候練眼中閃過一絲狠色,自己不如死不認帳,看對方能怎樣,自己老爹好歹也是護國將軍,但明顯還是底氣不足,口齒不清地道:“啊··什···什麽牙齒啊?”
“哼!你狡辯,那顆師狼智齒分明是你奪走的!”季桂芳終於忍不住忿忿地呵斥道。
“師狼智齒?那可不單單昂貴,而且是極難獲得的。”身為老油條的候將軍一聽這話立刻明白了全部,猛地站起身來,對著自己兒子甩手就是一耳光。
啪!
候練直接被扇得從凳子上翻在地上滾了幾圈,半邊臉都高高鼓起,滿眼不可思議的看著自己父親,怎麽都沒想到父親居然會站在別人那邊, 還打自己一巴掌,這讓他情何以堪!?
“爹~···!”
“哼,你這個逆子,還不把東西交出來。”候將軍整個人嚴厲地瞪著自己的兒子,伸出一張手向自己兒子索要,一股靈變後期的氣勢透發而出。同時神識傳音過去:快交出來,這個主你爹我都萬萬得罪不起!得罪了他,我們一家都要完蛋!

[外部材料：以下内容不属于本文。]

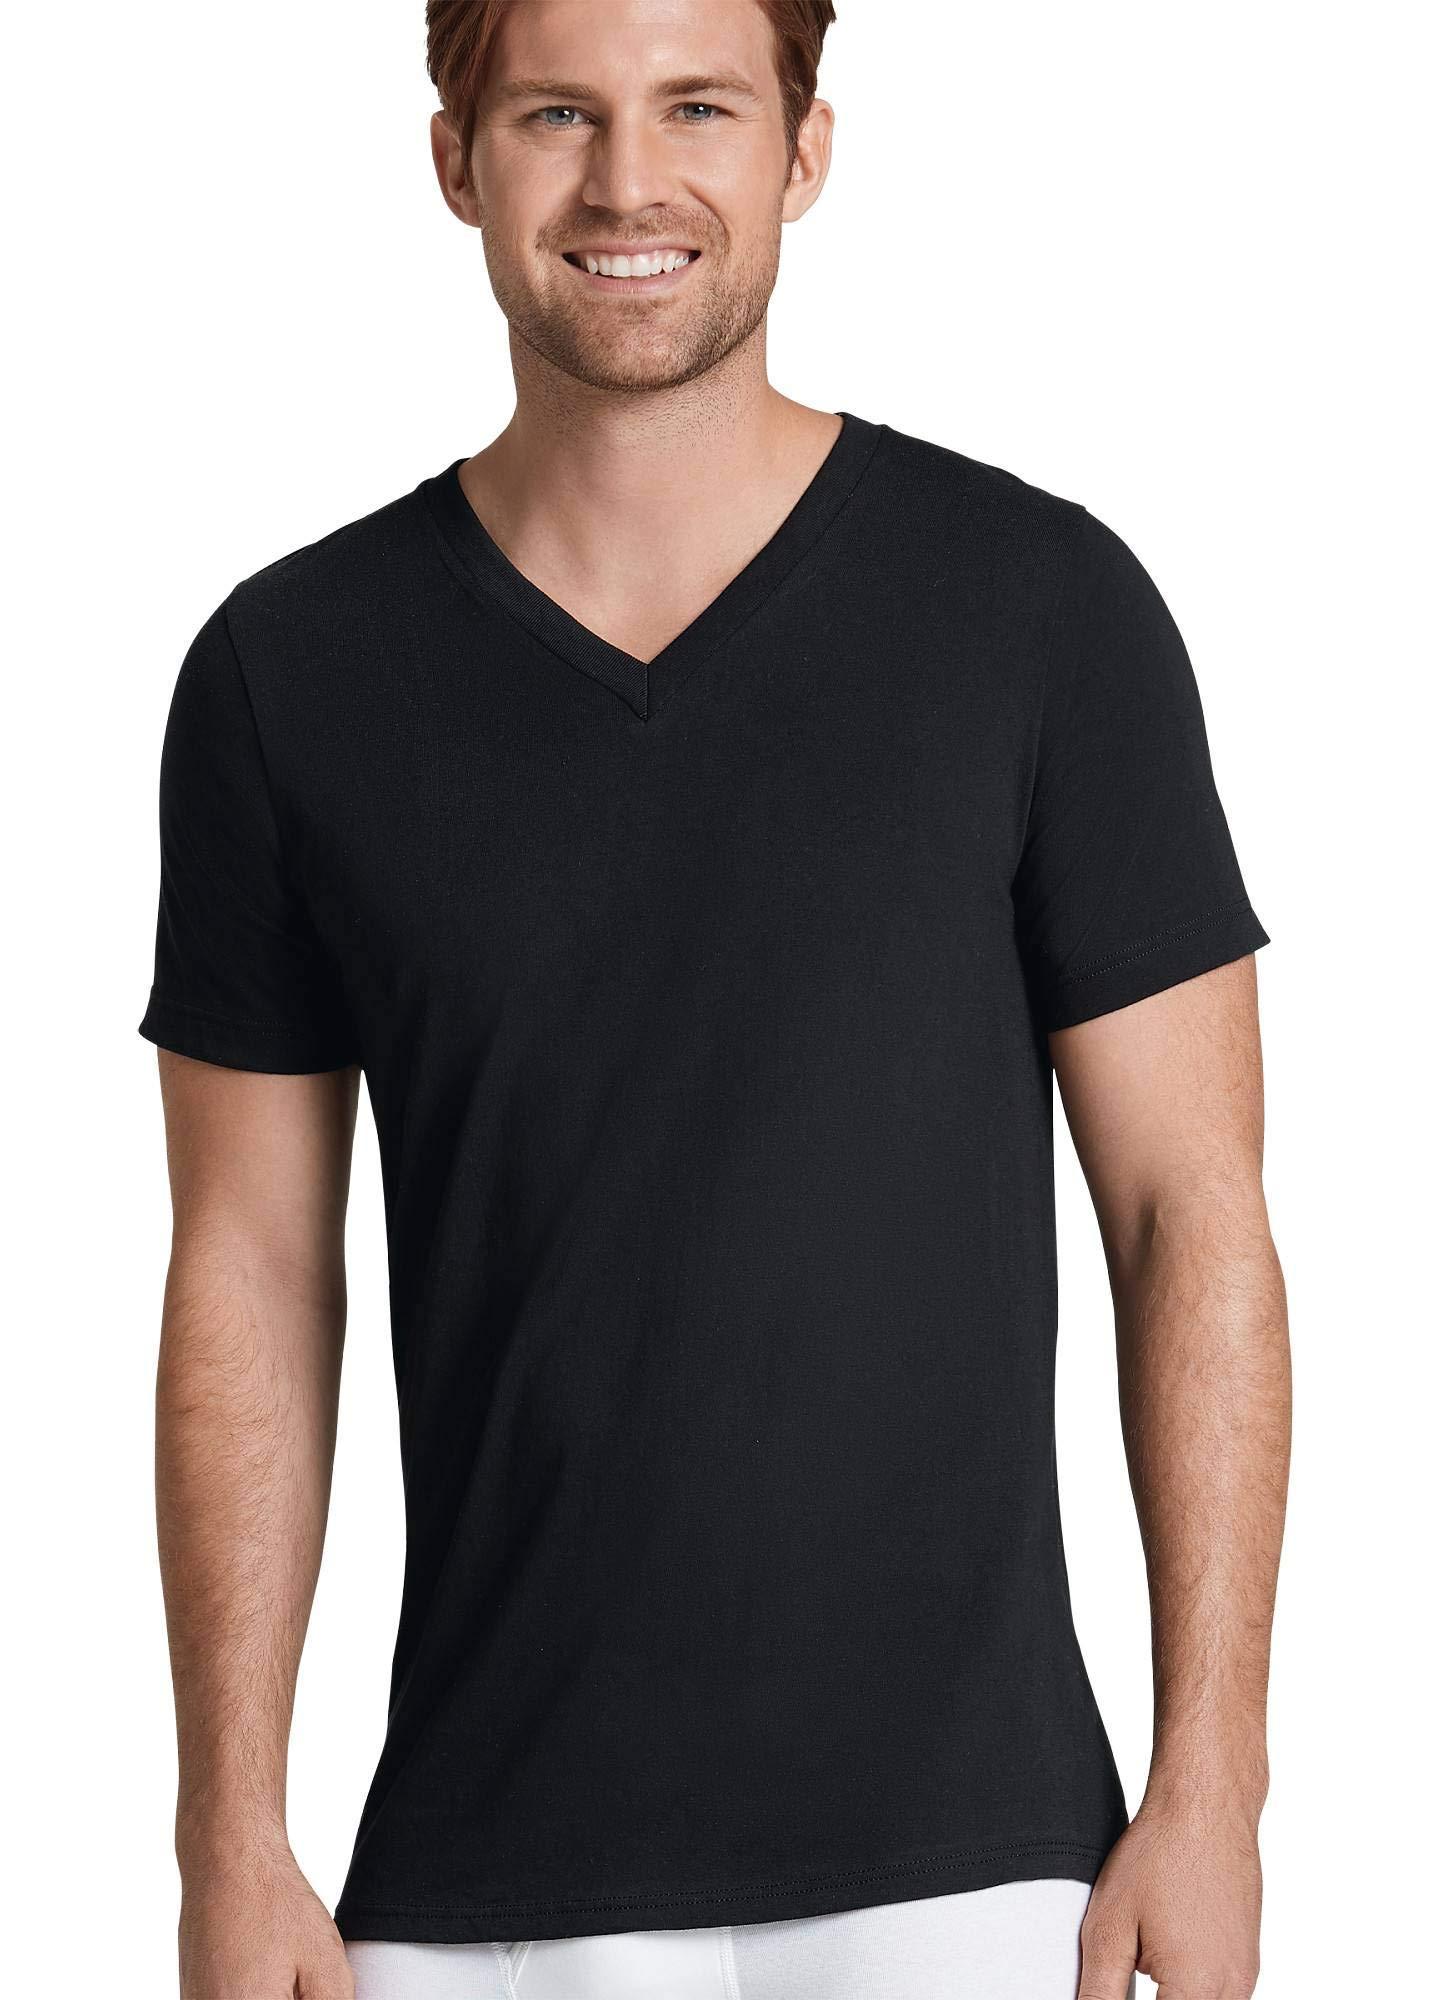 Jockey Men's T-Shirts Classic V-Neck T-Shirt - 6 Pack, Black, M by Jockey
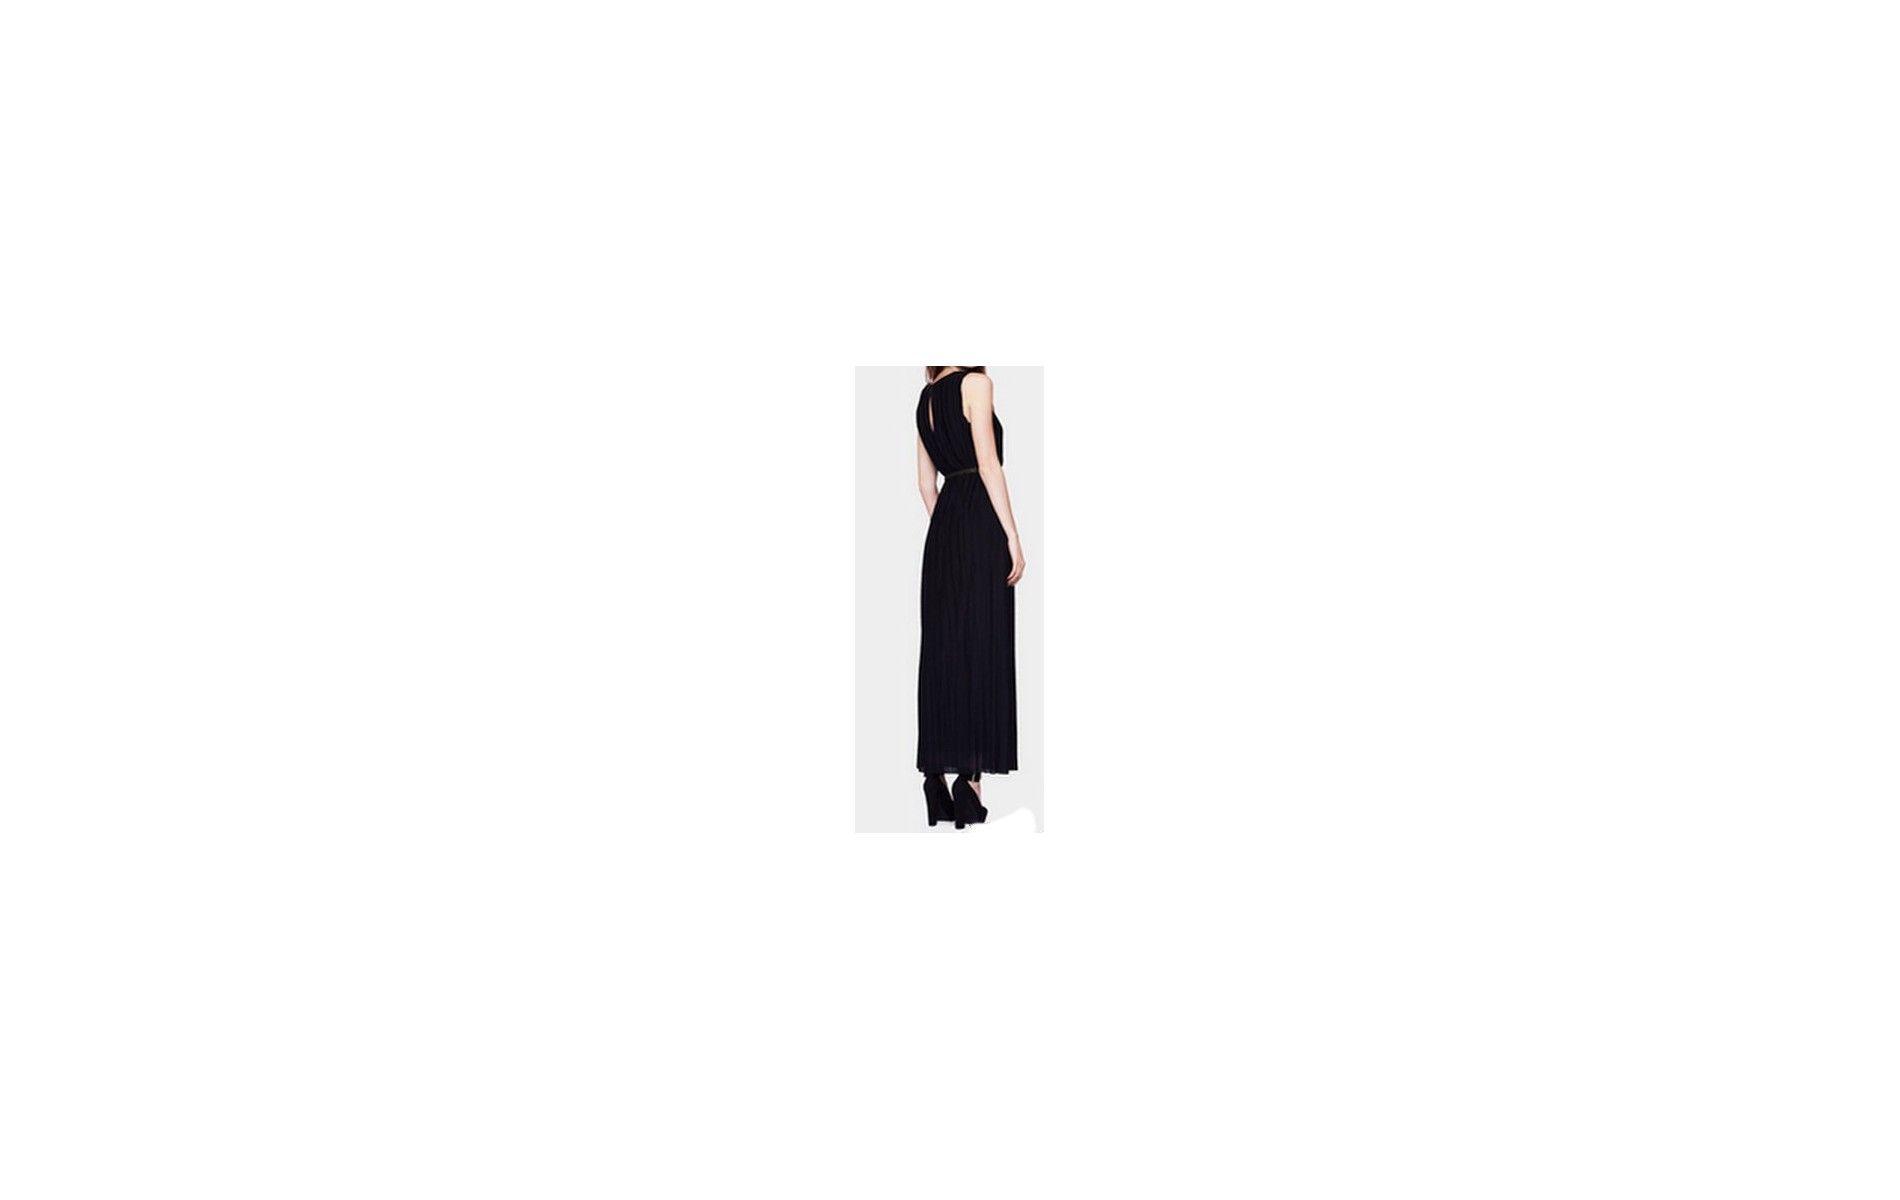 Új Definitions Cimkés öves Maxi ruha 48-as - Alkalmi egész ruha - XLruha  Molett használt duci ruha - tunika 728e8e8182

候練也不是個不開竅的蠢貨,當下從儲物袋中拿出一顆晶瑩剔透的牙齒遞給自己父親。
候將軍接過那顆牙齒走到韓偉無面前,恭敬地彎下腰雙手奉上那顆牙齒,臉上的表情也在轉身的時候換成一副獻媚的樣子,低眉順眼道:哦,屬下教導無方,犬子多有得罪,還請韓大人海涵。
韓偉無看著下方那早已跪在地上埋著個頭的候練,然後一抬手,讓袖口微微滑落,接著慢悠悠地拿起師狼智齒左右端詳了會,然後突然皺起了眉頭,而在其面前的一直躬身而立的候將軍卻是心臟咯噔一下,狠狠地抽搐了,隱約間有種不好的預感。
“這是真的嗎?好像是假的啊?侯大人,你說耍這偷梁換柱的把戲,也無所謂,只是我可虧損了幾十萬斤幣啊!這事要是傳出去,你讓我情何以堪啊?”韓偉無仍然是一臉和氣地拍著自己的臉蛋道,說著便作勢要把牙齒放回對方手中。
季桂芳不由疑惑地皺起眉頭,她的天性淳樸而善良,韓偉無又是與他親近之人,反之候氏父子兩一人給他蠻不講理的感覺,一個則是賊眉鼠眼,一副歹人的樣子,使得她很是厭惡,自然也相信韓偉無說的是真的。